Leave out all pictures and retype exactly the lines from the one with "SHIPS DRAWING BOOK" through the last line of the material.

■ **DATASET CONTENT**
----

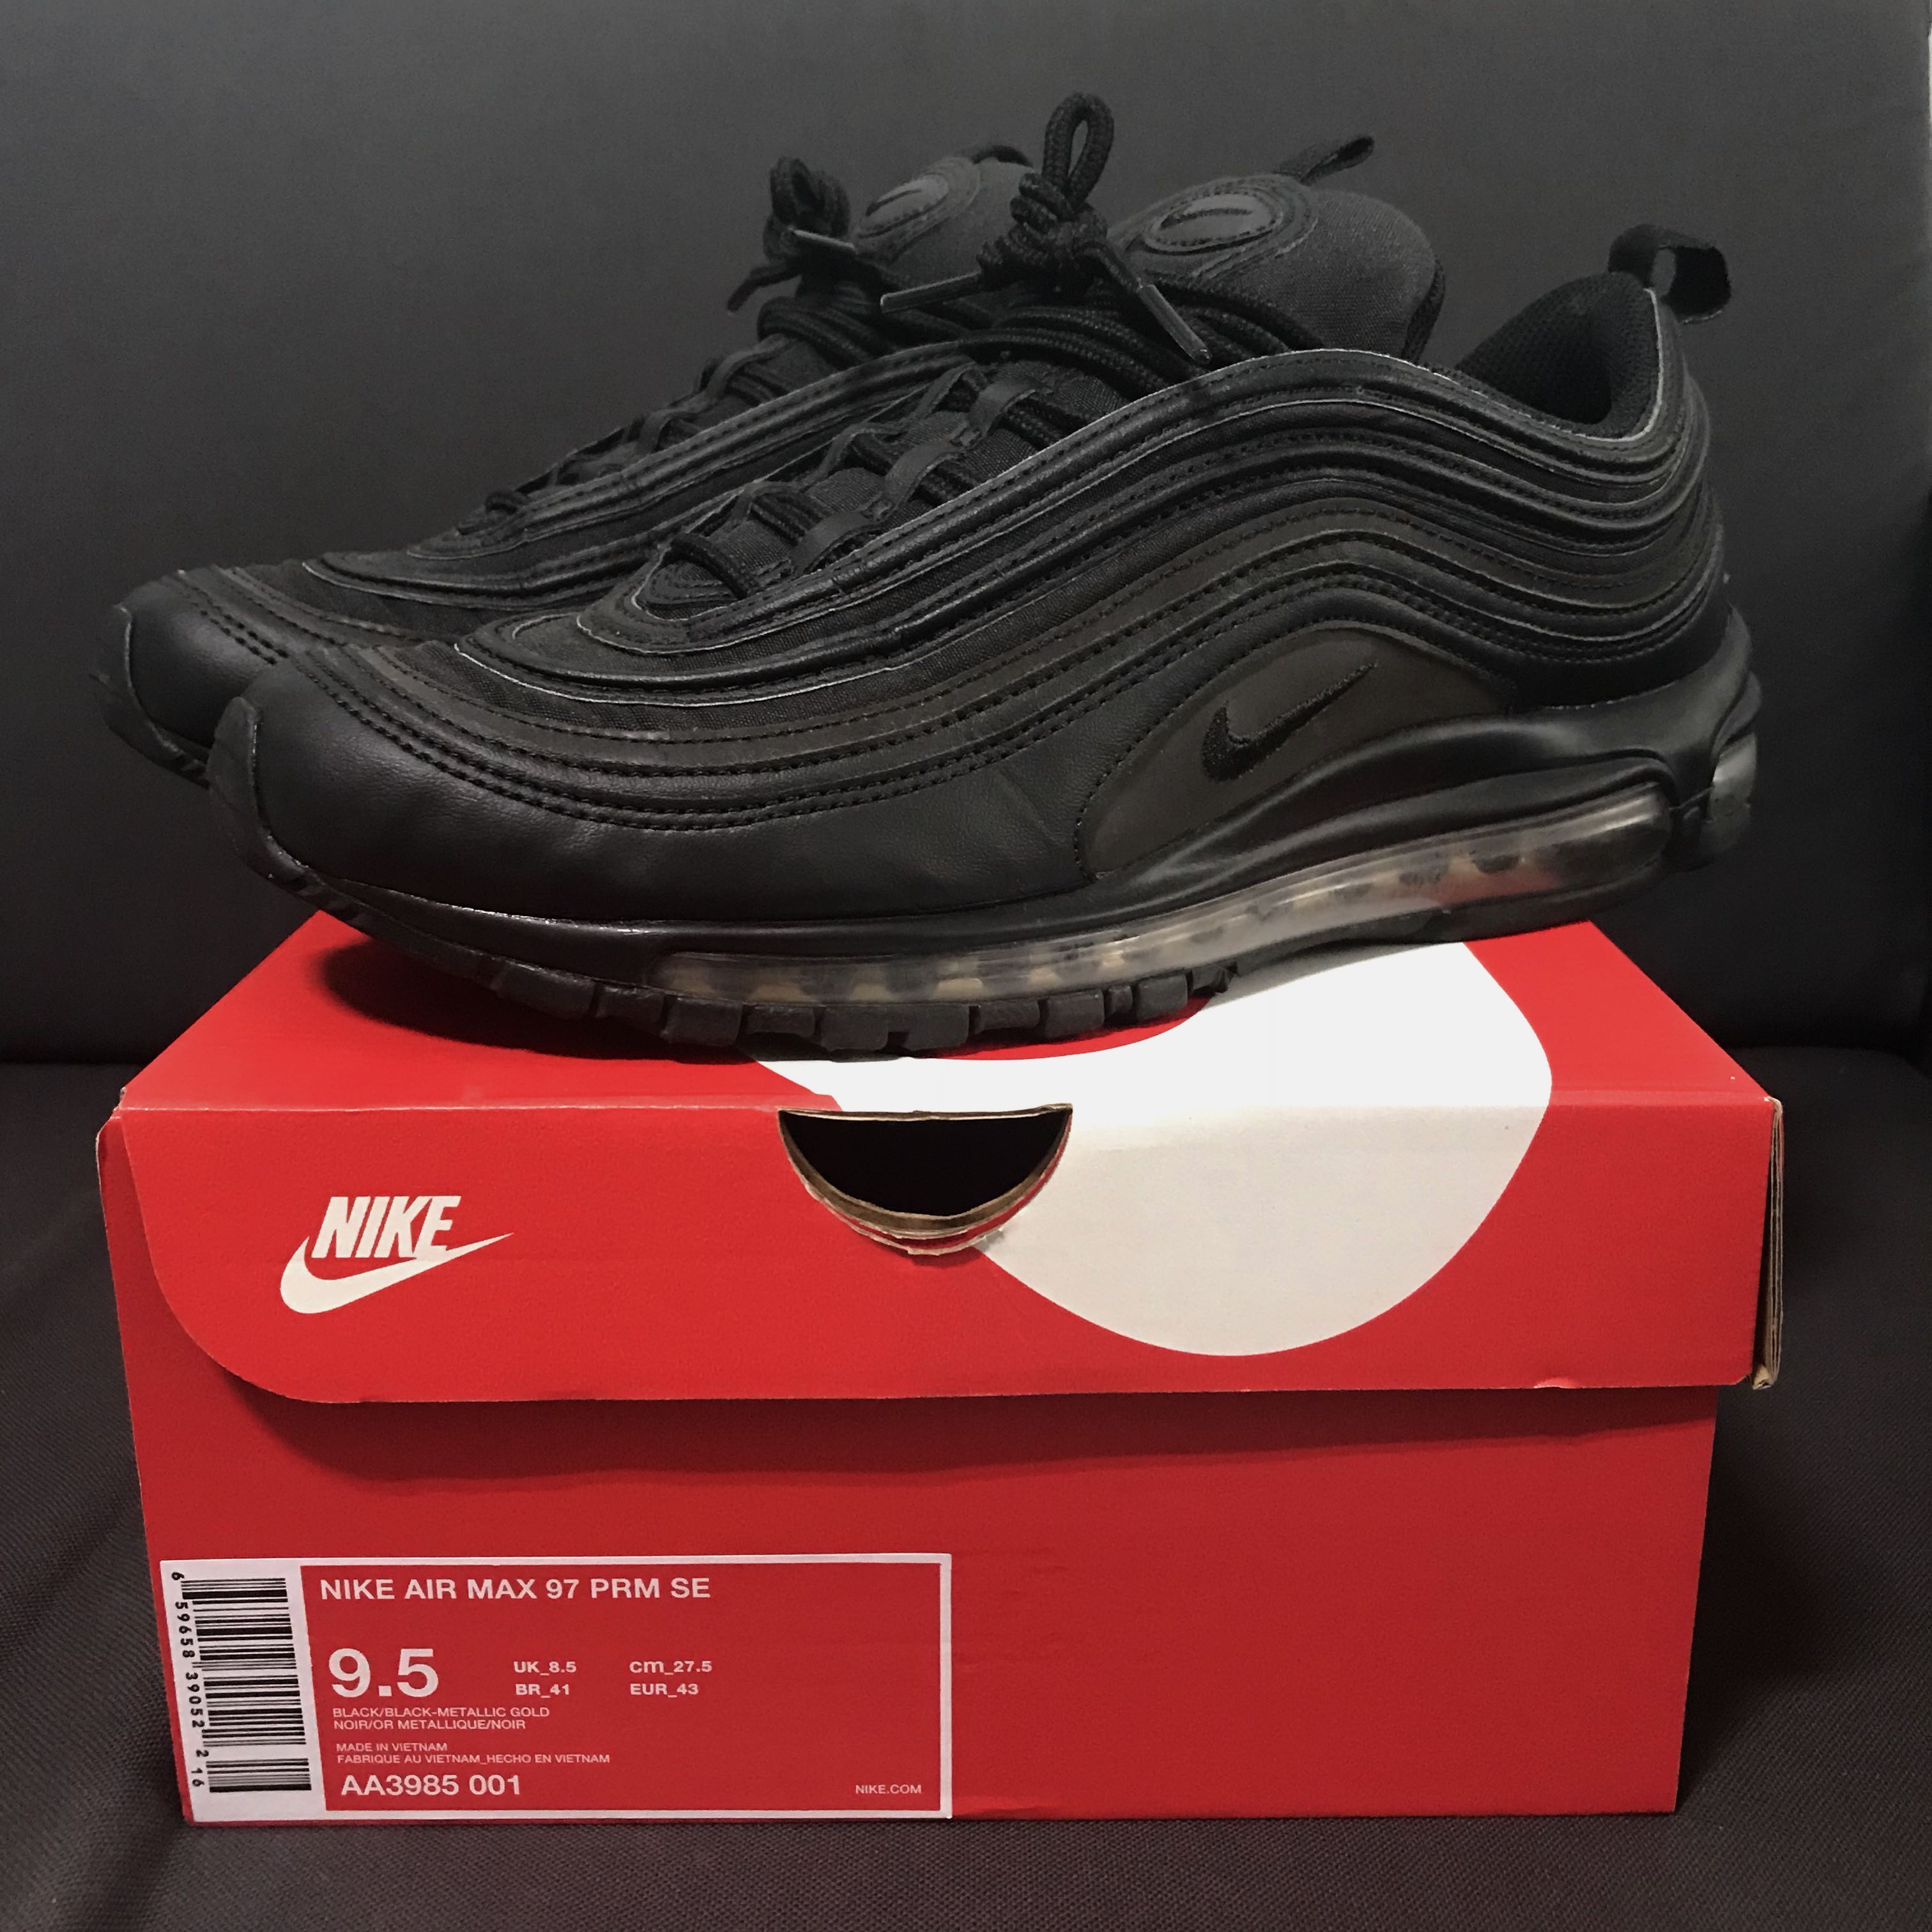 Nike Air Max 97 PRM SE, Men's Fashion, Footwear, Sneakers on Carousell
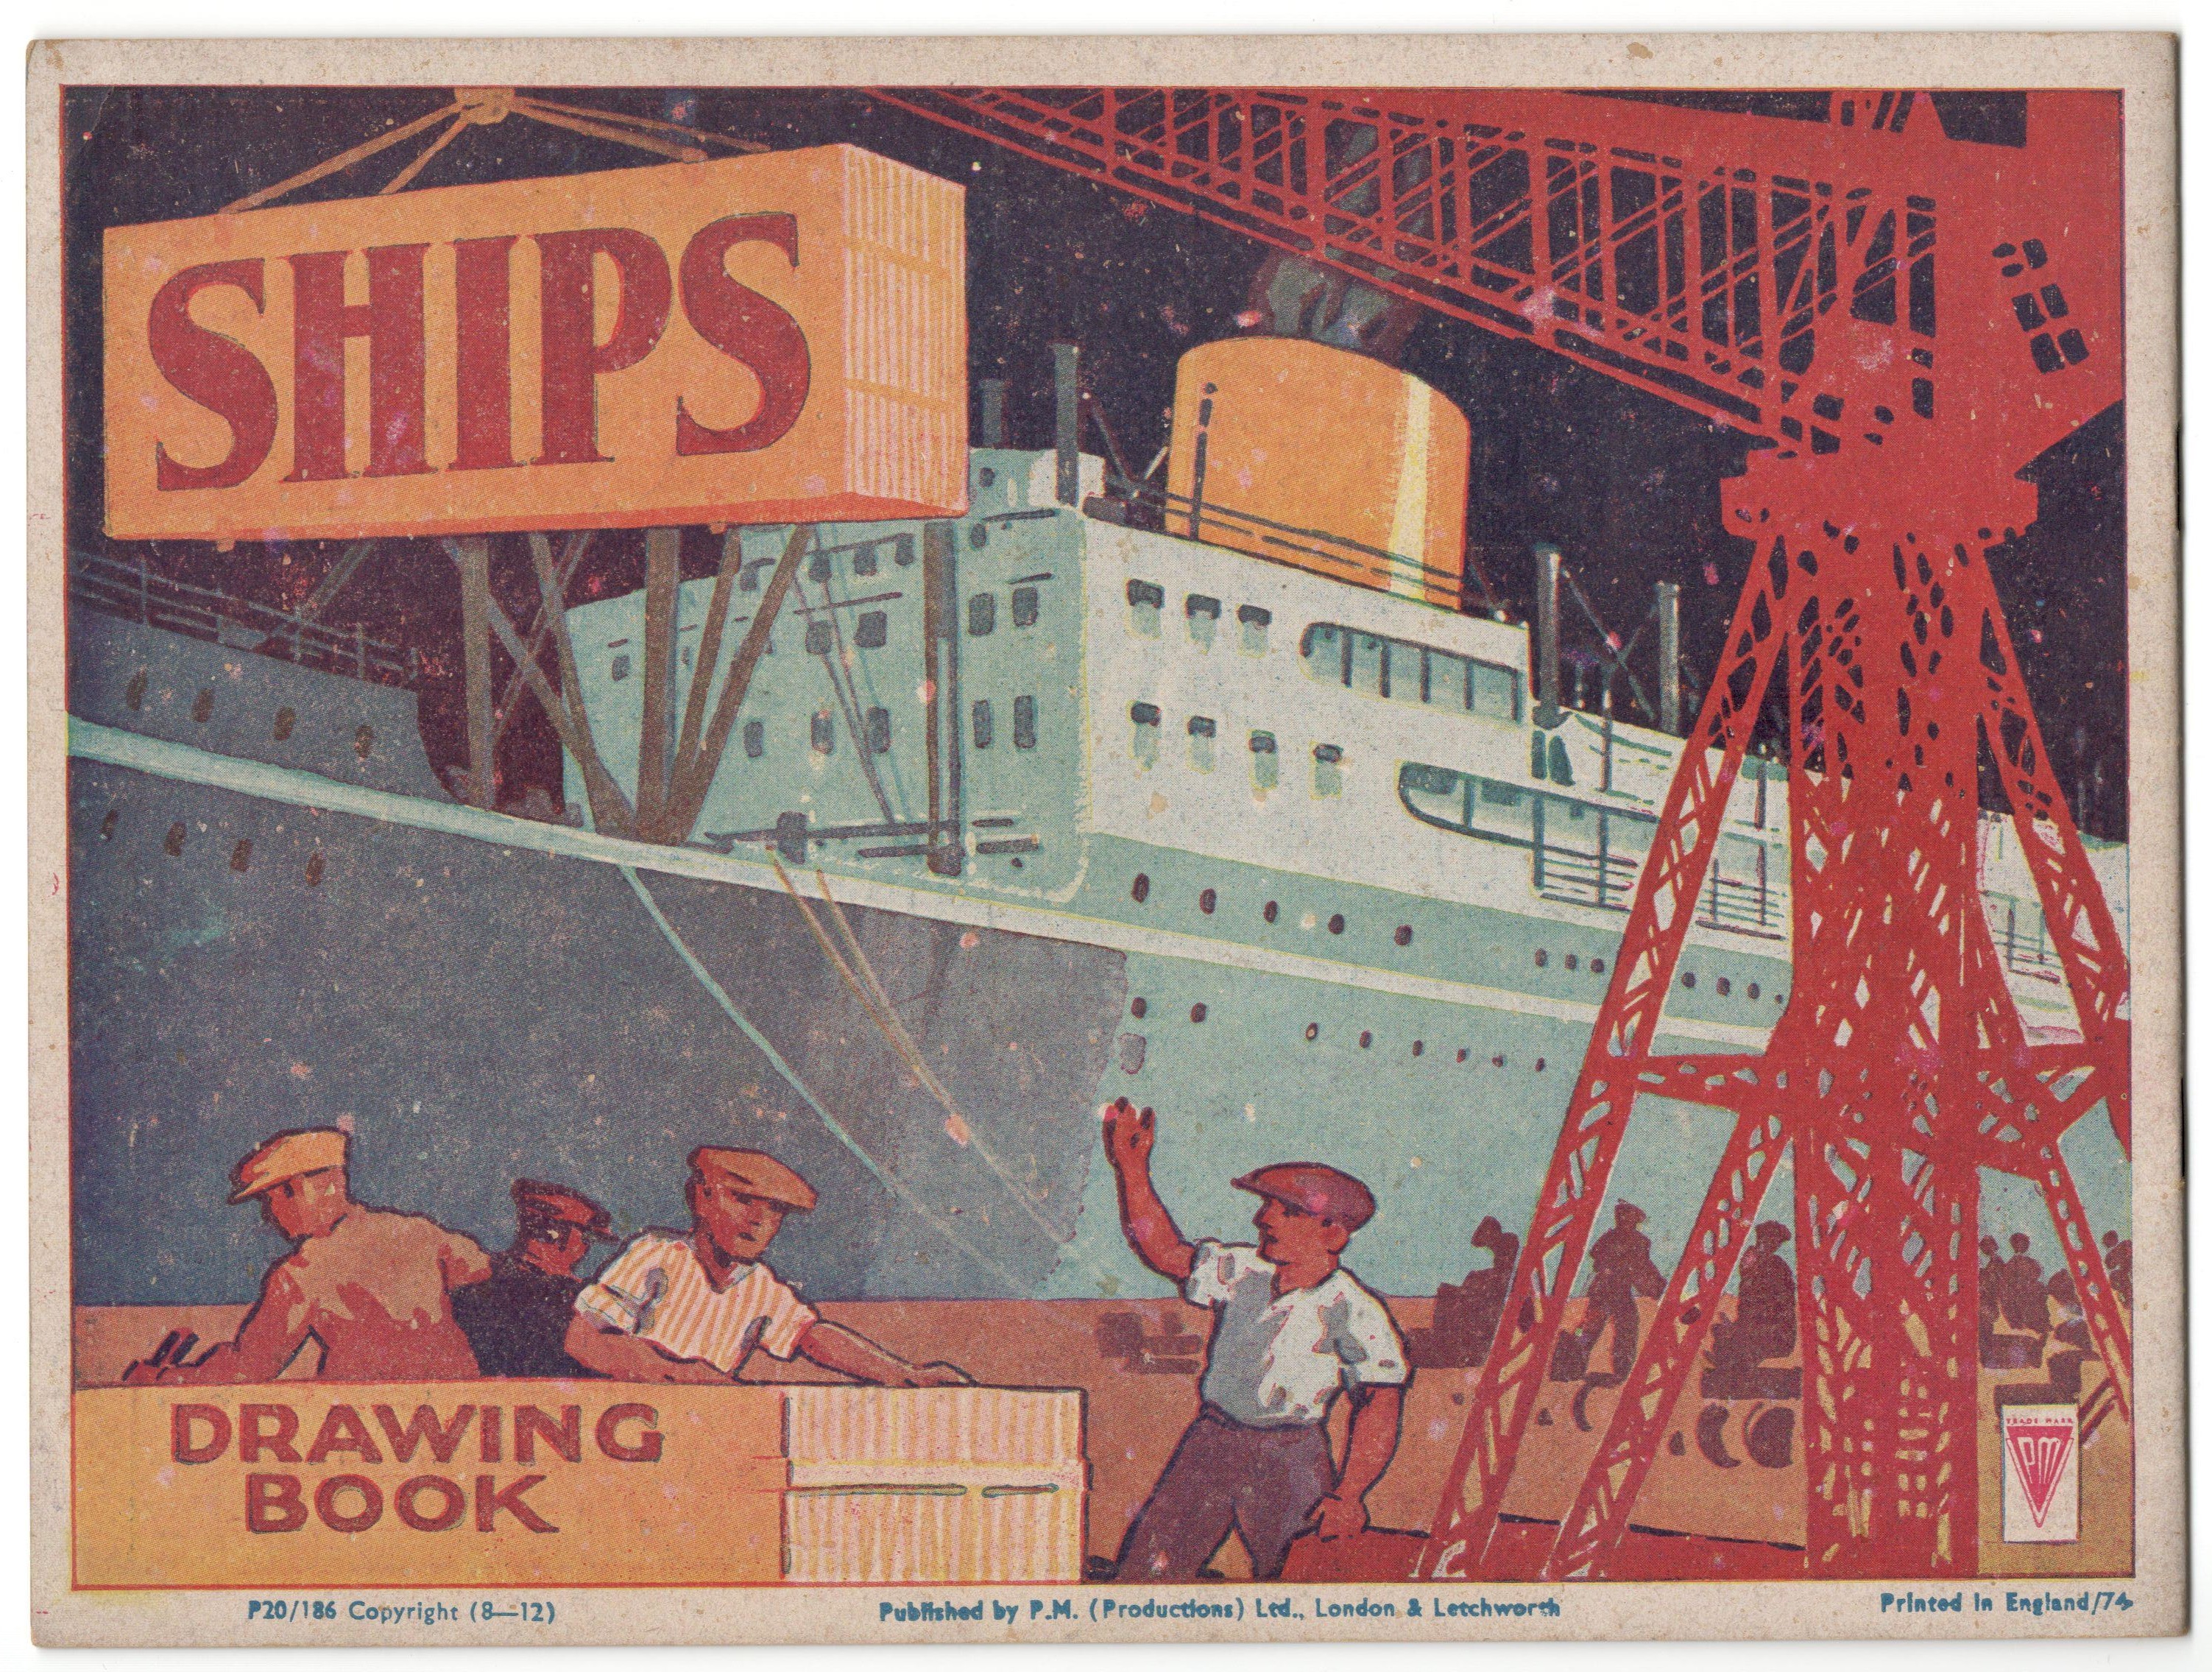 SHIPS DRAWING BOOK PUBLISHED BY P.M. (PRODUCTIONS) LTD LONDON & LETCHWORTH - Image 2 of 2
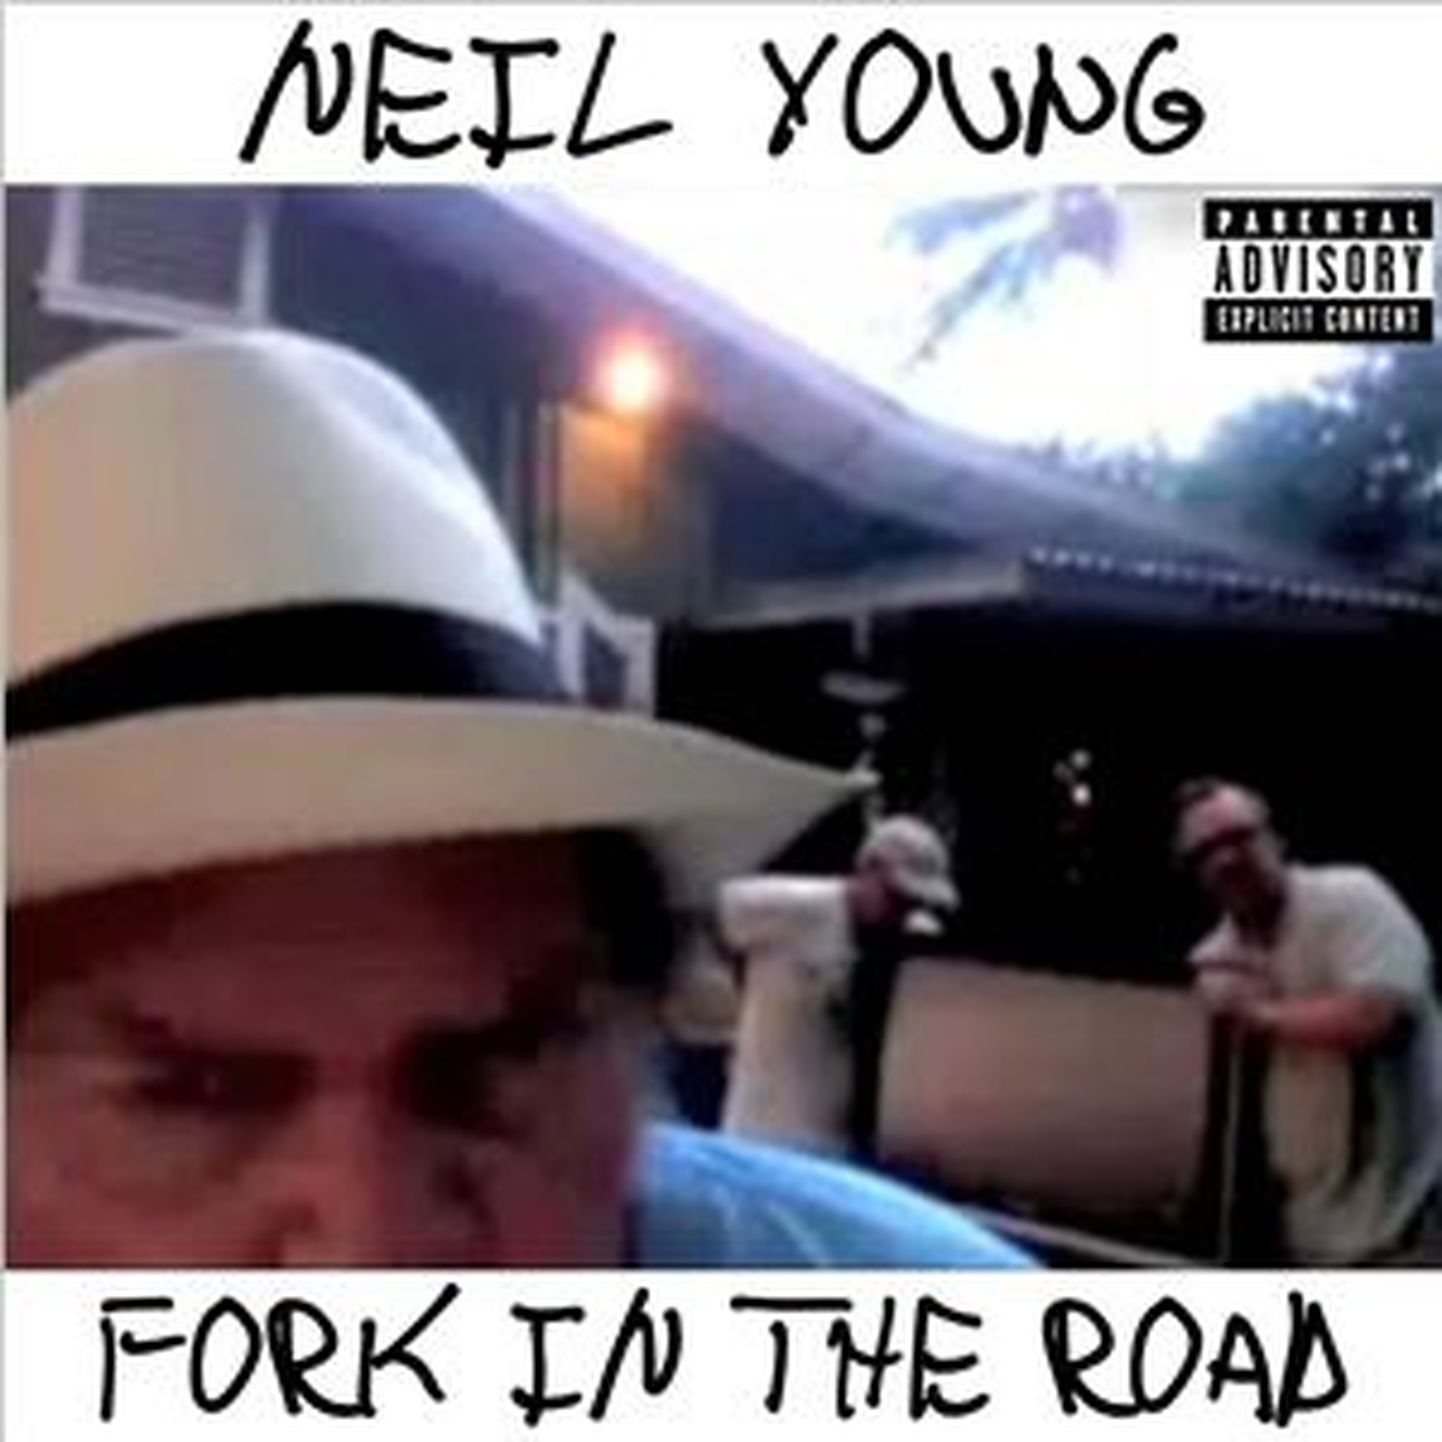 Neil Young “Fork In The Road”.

----

■ **TASK RESULT**
 SHIPS DRAWING BOOK PUBLISHED BY P.M. (PRODUCTIONS) LTD LONDON & LETCHWORTH - Image 2 of 2
 Neil Young “Fork In The Road”.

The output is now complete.